Forcing employees who are already struggling mentally to an in-office environment won’t have any benefits for the person nor the business.
It’s vital that leaders not only acknowledge but also normalize the issue and make small steps into easing people back in – each at their own pace.
Investing in software solutions like Spill or Happify, for example, is also a fruitful way to support your workers’ wellbeing and help them overcome concerns.
2. Productivity and social interactions are closely interlinked.
Improving efficiency and productivity has always been a top initiative for businesses.
In fact, for a third of decision makers this is key to driving growth in the next year, surpassing things like improving innovation (28%) and better marketing (27%).
But at the same time, WFH productivity has proved one of the most fascinating paradoxes emerging from the pandemic.
On the one hand, the number one benefit workers cite when it comes to remote working is having more time on their hands.

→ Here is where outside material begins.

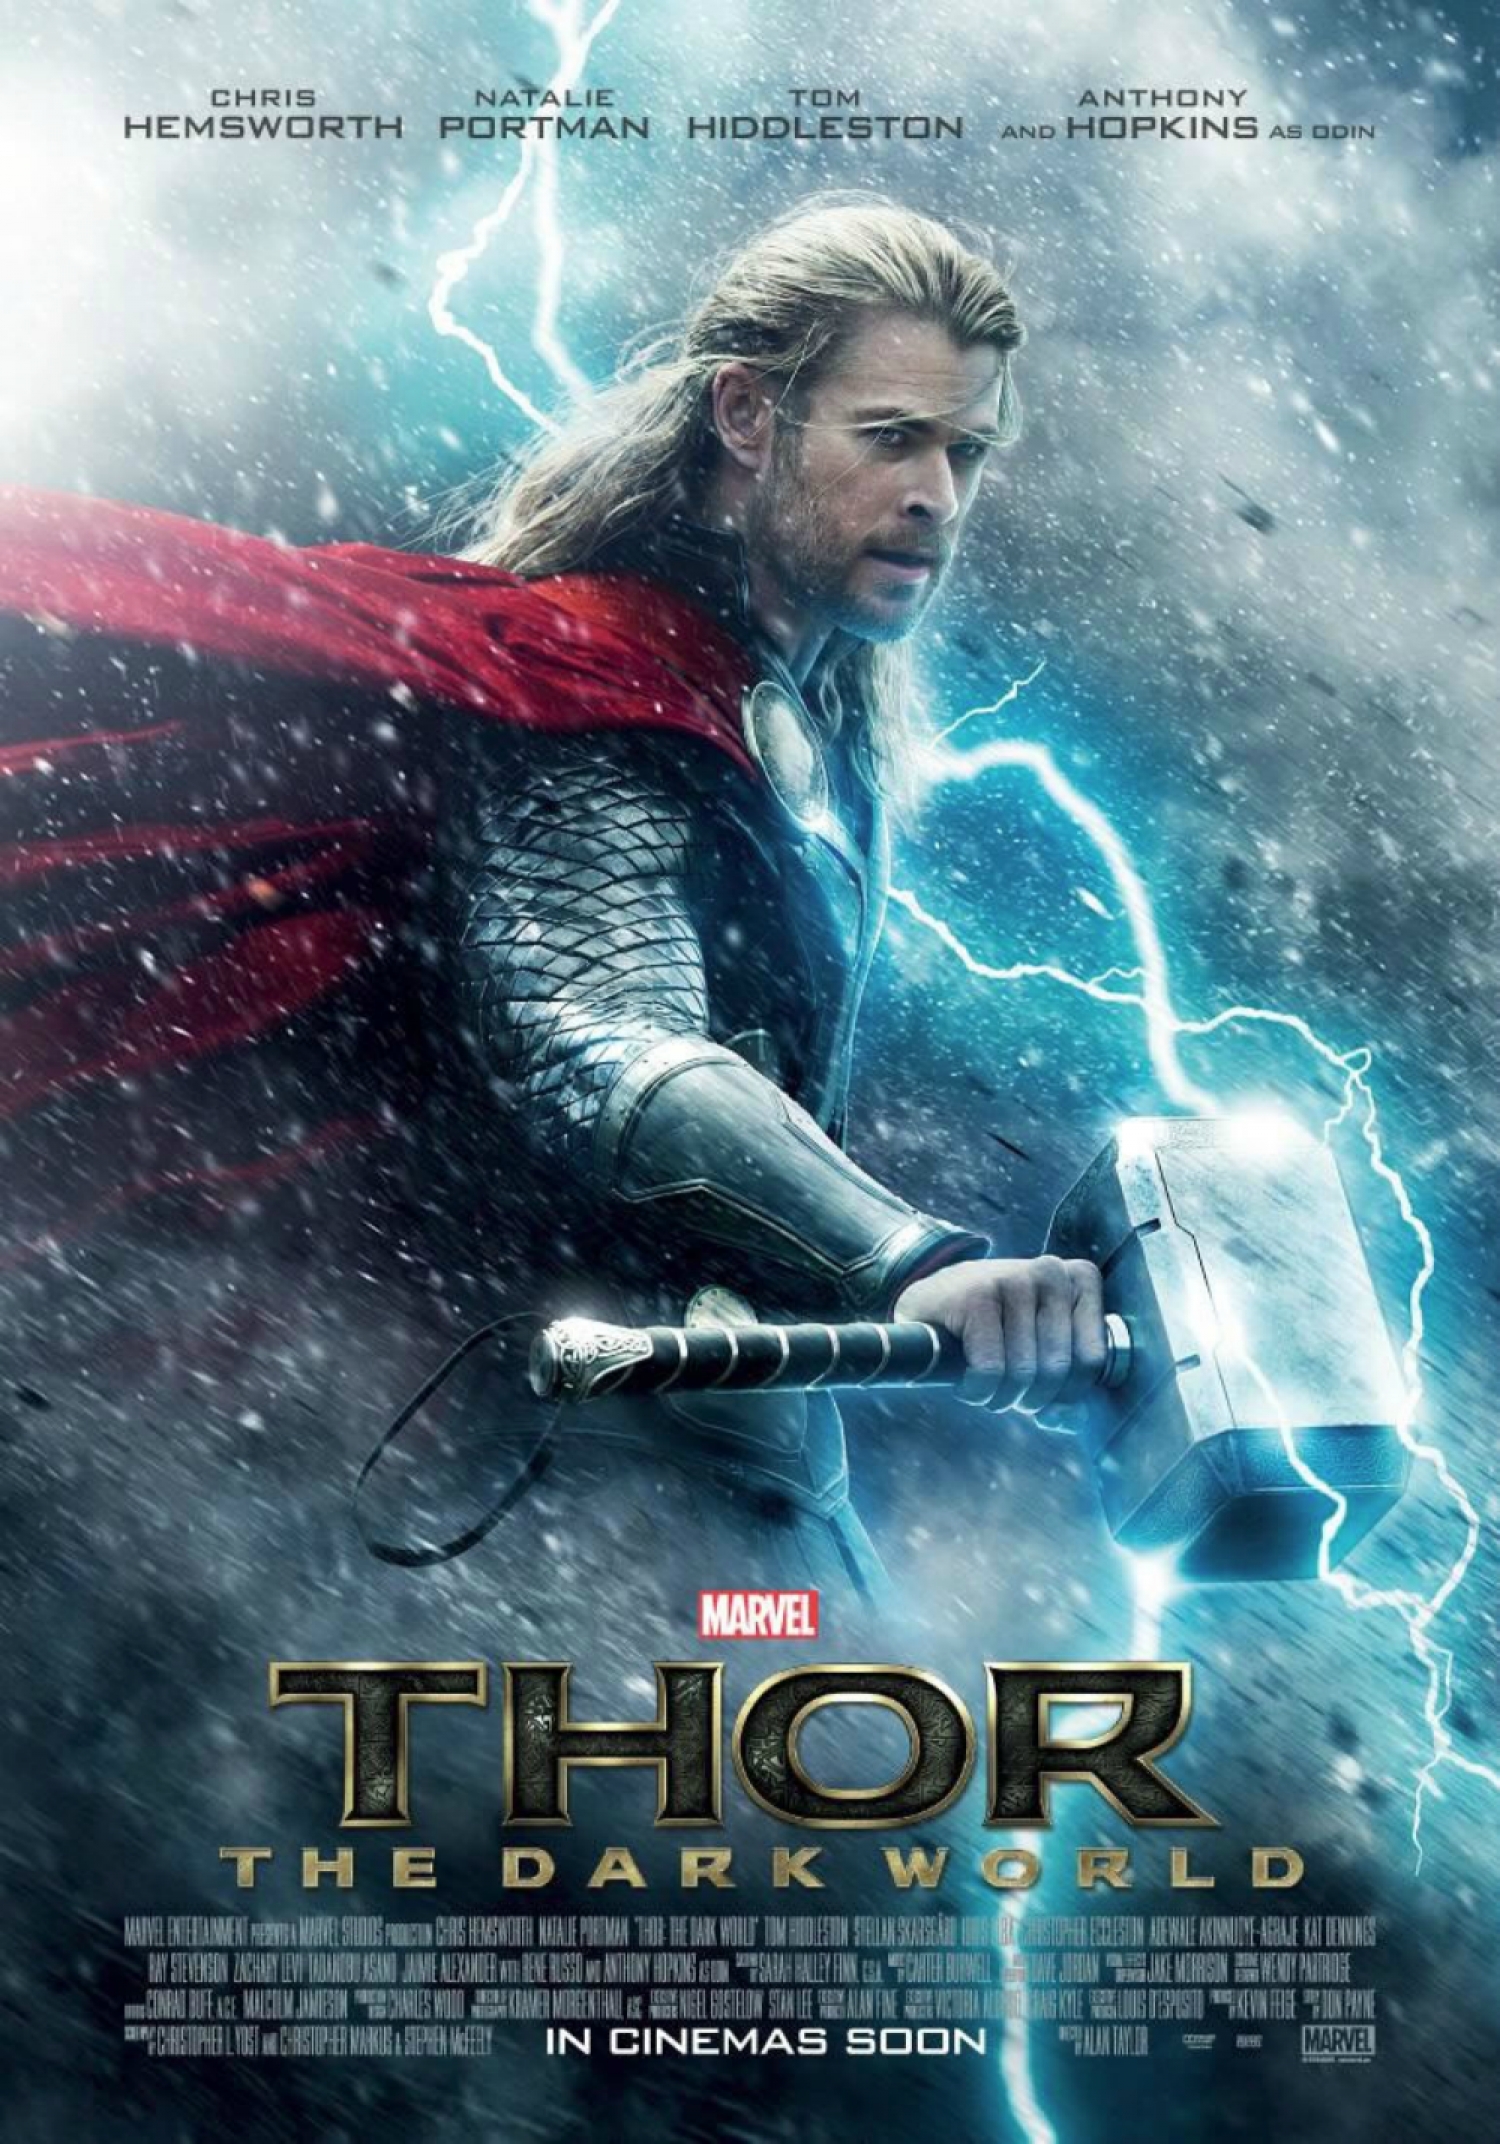 Thor 2 The Dark World ธอร์ 2 เทพเจ้าสายฟ้าโลกาทมิฬ

On the other hand, though, their top challenge has to do with trouble focusing due to distractions which ultimately harms productivity, and hence workplace satisfaction.
So it becomes increasingly obvious that ultimately, people need structure and social interaction to be productive – something that the office can provide.
And our Zeitgeist data from October supports this. For young professionals especially, increased productivity is what they’re looking forward to the most when it comes to returning to the office.
The bottom line is employers shouldn’t be afraid of asking professionals to return to the office in the future.
Our data clearly shows this will most likely be beneficial rather than harmful so long as it’s done with the necessary considerations in place.
Even when we look at the link between searching for a new job and future workspace, those WFH are more likely to jump ship than professionals returning to the office.
The important thing is that leaders remember to:
- support individual needs while easing people back in, and remain agile with the COVID-19 situation;
- address issues that might be making professionals uncomfortable, like social anxiety;
- review working policies in a way that flexible working is not only permitted but encouraged.